The model card's own quickstart shows the same server invocation with the full context window — but that full window is not attainable on 8GB, so treat it as reference only:

# Reference only — the full 262K window does NOT fit an 8GB card.
llama-server -hf deepreinforce-ai/Ornith-1.0-9B-GGUF --port 8000 -c 262144

-ngl 99 (alias --n-gpu-layers) offloads every layer to the GPU; -c (--ctx-size) sets the context length; --jinja uses the model's built-in chat template so the <think> reasoning and tool-call blocks parse correctly.

How much context actually fits in 8GB — cap it and quantize the KV cache. Ornith 1.0 is a reasoning model — per the model card, by default the assistant turn opens with a <think>...</think> reasoning block before the final answer, and its context window is a large 262,144 tokens. Context is stored in the KV cache, which grows with the number of tokens and lives in VRAM on top of the weights. With Q4_K_M (5.63GB) loaded, only about 2GB of the 8GB remains for the KV cache — enough for a capped coding session, but nowhere near the full 262,144-token window, and the <think> reasoning inflates KV pressure further because every reasoning token also lands in the cache. So: cap the context (start at -c 16384, push toward -c 32768 only with the KV cache quantized) and add -fa on (Flash Attention, required for quantized cache) plus -ctk q8_0 -ctv q8_0 (--cache-type-k / --cache-type-v), which roughly halves KV-cache VRAM versus the default f16 with minimal quality impact (llama-server docs):

llama-server -hf deepreinforce-ai/Ornith-1.0-9B-GGUF:Q4_K_M \
    --port 8000 -ngl 99 -c 32768 --jinja \
    -fa on -ctk q8_0 -ctv q8_0

If you need a bigger context window or a higher-fidelity quant than Q4_K_M, an 8GB card is the wrong tier — step up to a 12GB card (RTX 3060 / 4070 / 5070), where Q6_K/Q8_0 fit with real context headroom.

With Ollama

Pull and chat with the same GGUF straight from Hugging Face (the card documents this exact form). Append a :quant tag to choose the quant; the default is Q4_K_M — which is exactly what you want on 8GB (HF × Ollama docs):

ollama run hf.co/deepreinforce-ai/Ornith-1.0-9B-GGUF:Q4_K_M

Ollama serves an OpenAI-compatible API at http://localhost:11434/v1 for agent clients.

Connect a coding agent

Ornith is optimized for terminal-based coding agents (verbatim from the model card), which directs you to point any OpenAI-compatible coding CLI at your Ornith endpoint by setting its base URL and API key.

OpenHands (lead choice).

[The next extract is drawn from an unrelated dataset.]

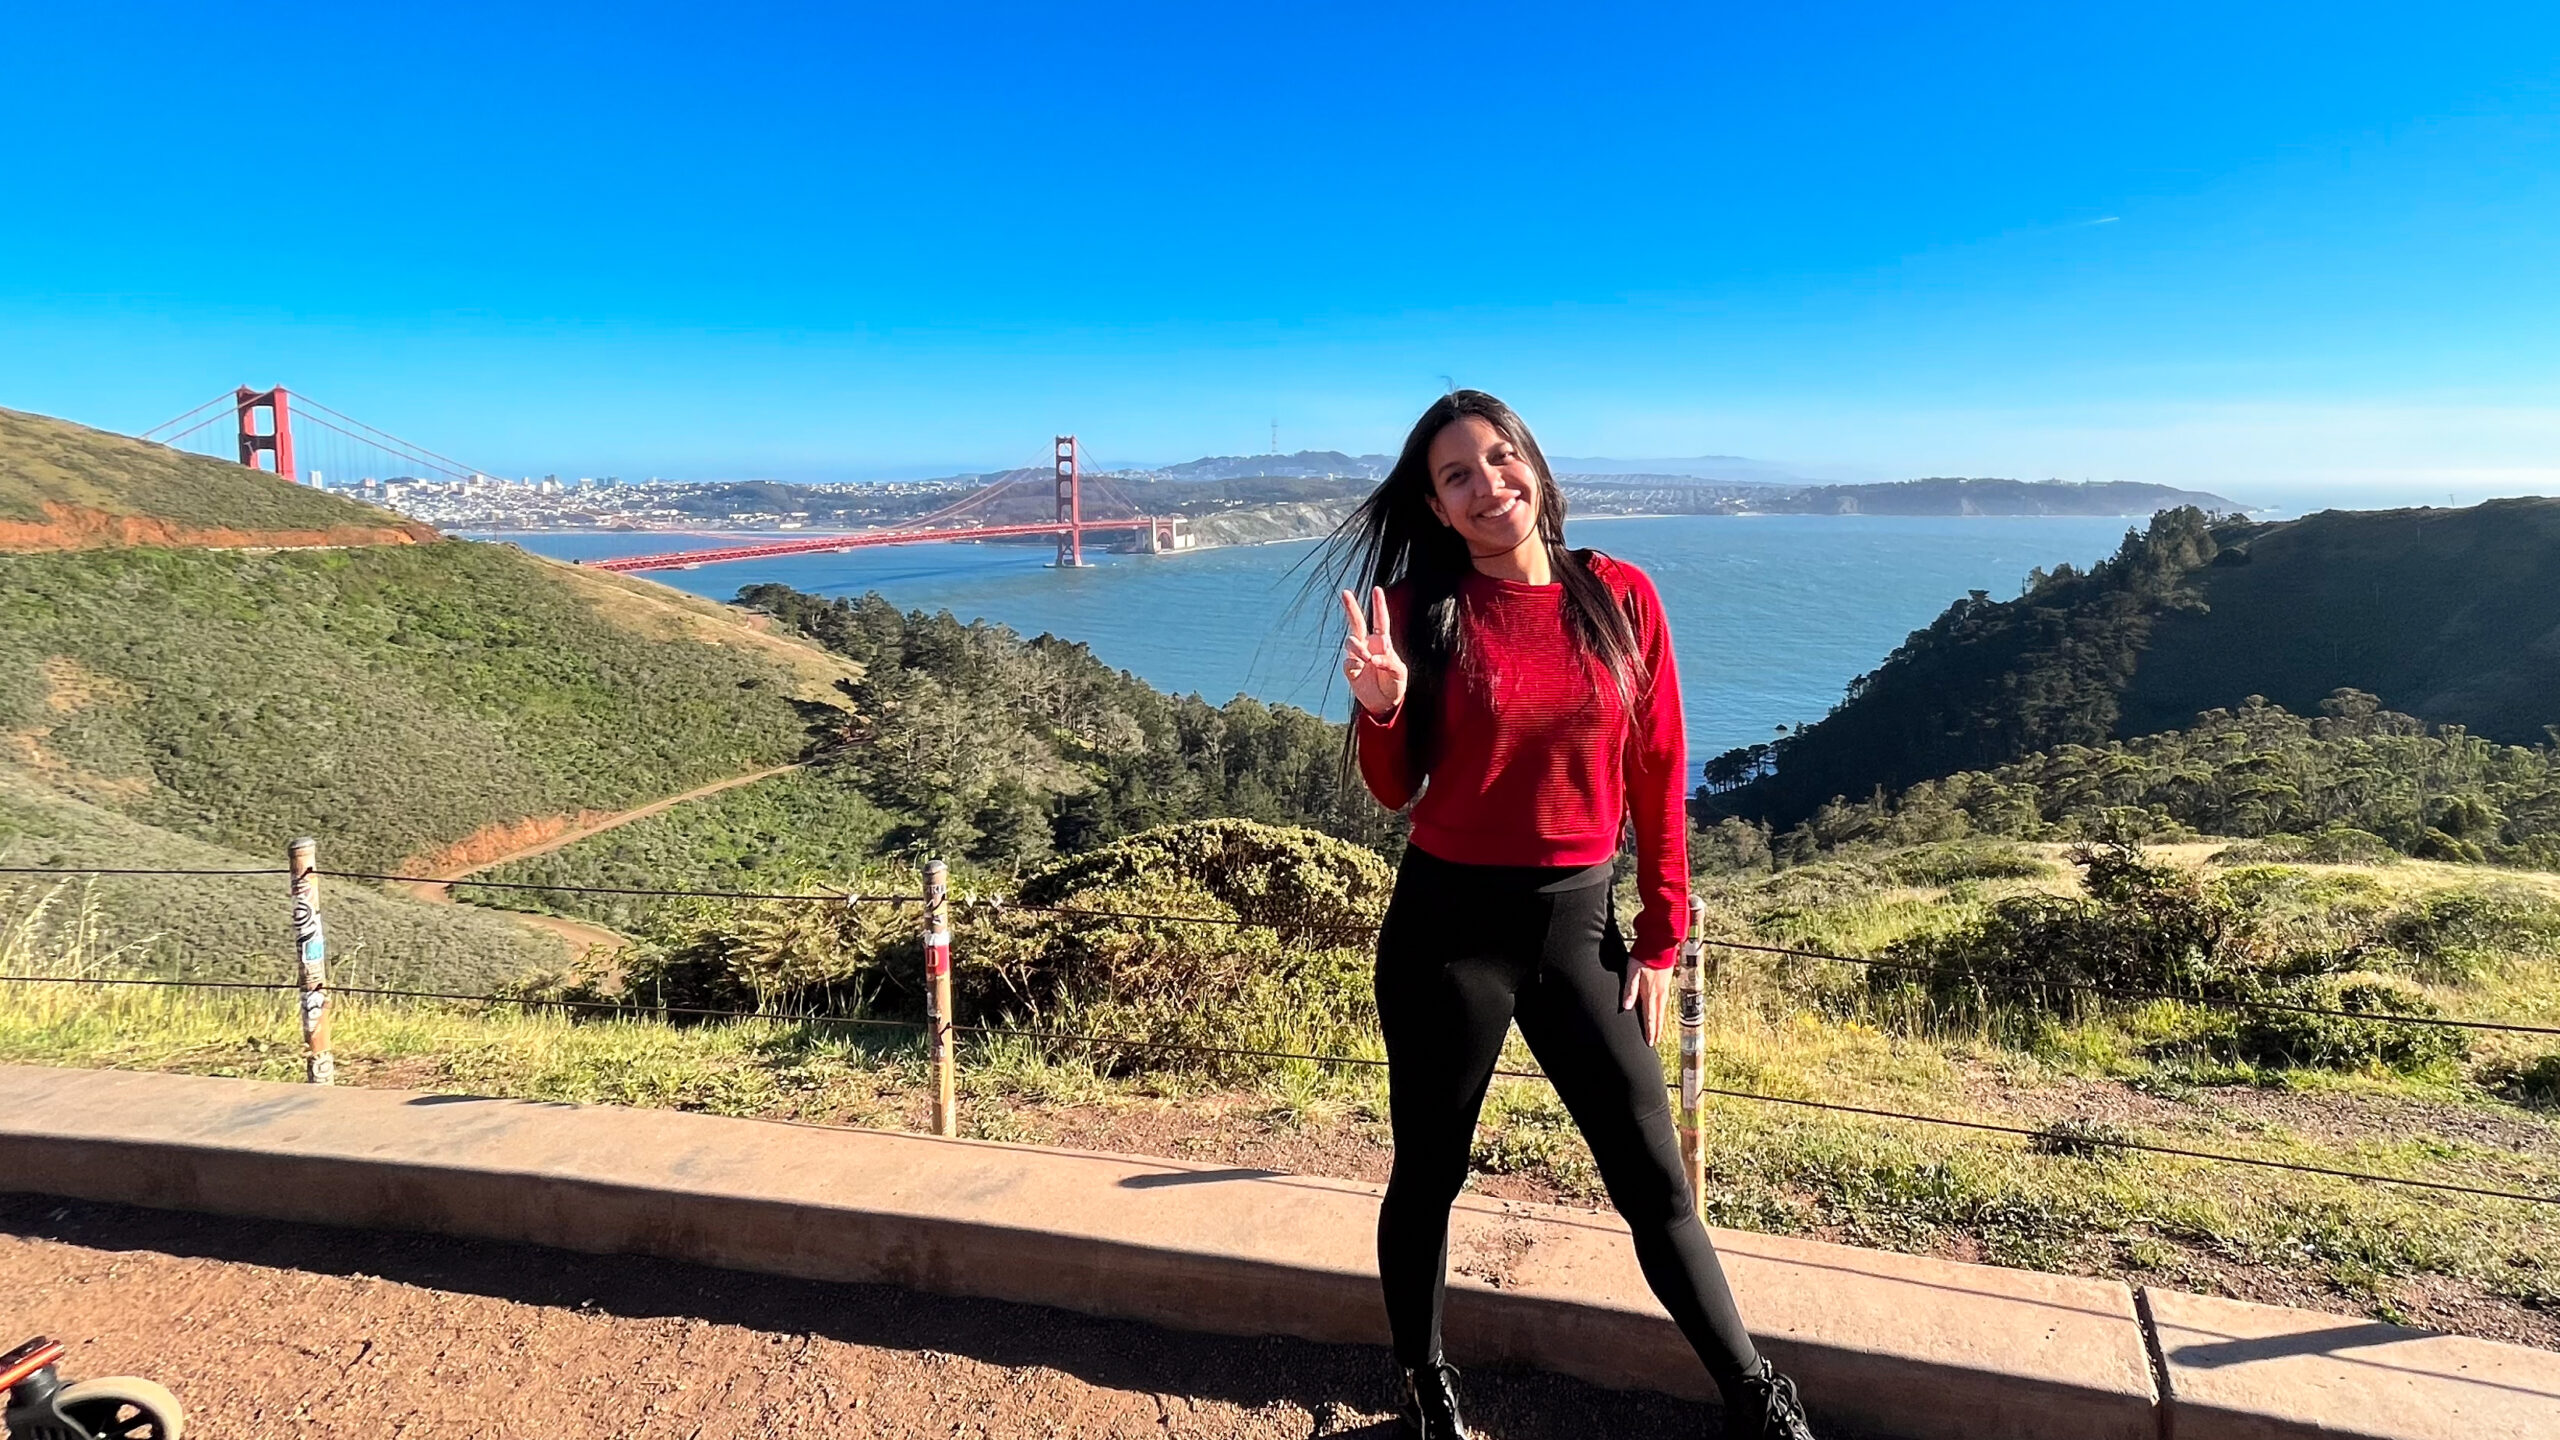 Laurie in front of the Golden Gate Bridge

OpenHands is the harness DeepReinforce used to measure the 9B's headline SWE-bench Verified 69.4 (the model card footnote reads: SWE-Bench Verified, Pro and Multilingual: using OpenHands harness), so it is the officially-exercised agentic path for this model. Point it at your local server exactly as the card's OpenHands example does:

pip install openhands-ai

# OpenHands routes through LiteLLM; the "openai/" prefix selects the OpenAI-compatible path.
export LLM_MODEL="openai/deepreinforce-ai/Ornith-1.0-9B"
export LLM_BASE_URL="http://localhost:8000/v1"
export LLM_API_KEY="EMPTY"

openhands

Aider (lighter alternative). For a simpler terminal pair-programmer against the same endpoint, Aider connects to any OpenAI-compatible API:

export OPENAI_API_BASE=http://localhost:8000/v1
export OPENAI_API_KEY=EMPTY
aider --model openai/deepreinforce-ai/Ornith-1.0-9B

Recommended sampling for Ornith is temperature=0.6, top_p=0.95, top_k=20 (per the model card's quickstart note).

Results

  • VRAM usage: The dense 9B loads entirely as its GGUF file — the recommended Q4_K_M is 5.63GB on disk (byte-verified from the GGUF repo tree), fitting inside the RTX 5060's 8GB and leaving ~2GB for a capped KV cache. Q5_K_M (6.47GB) fits but tight; Q6_K (7.36GB) and Q8_0 (9.53GB) do not leave usable context room on 8GB — those quants belong on a 12GB+ card.
  • Model capability: On its own evaluation table the 9B reports SWE-bench Verified 69.4, Terminal-Bench 2.1 (Terminus-2) 43.1, and NL2Repo 27.2 (model card) — state-of-the-art among open models of comparable size, per the card. These are the model's own coding-benchmark scores, not hardware throughput on this GPU.
  • Speed: No local throughput benchmark exists for Ornith 1.0 9B on the RTX 5060 yet — this is a brand-new model and /check/ornith-1-0-9b/rtx-5060 has no benchmark rows. We omit a tok/s figure rather than invent one; live measurements will appear at that link once contributed.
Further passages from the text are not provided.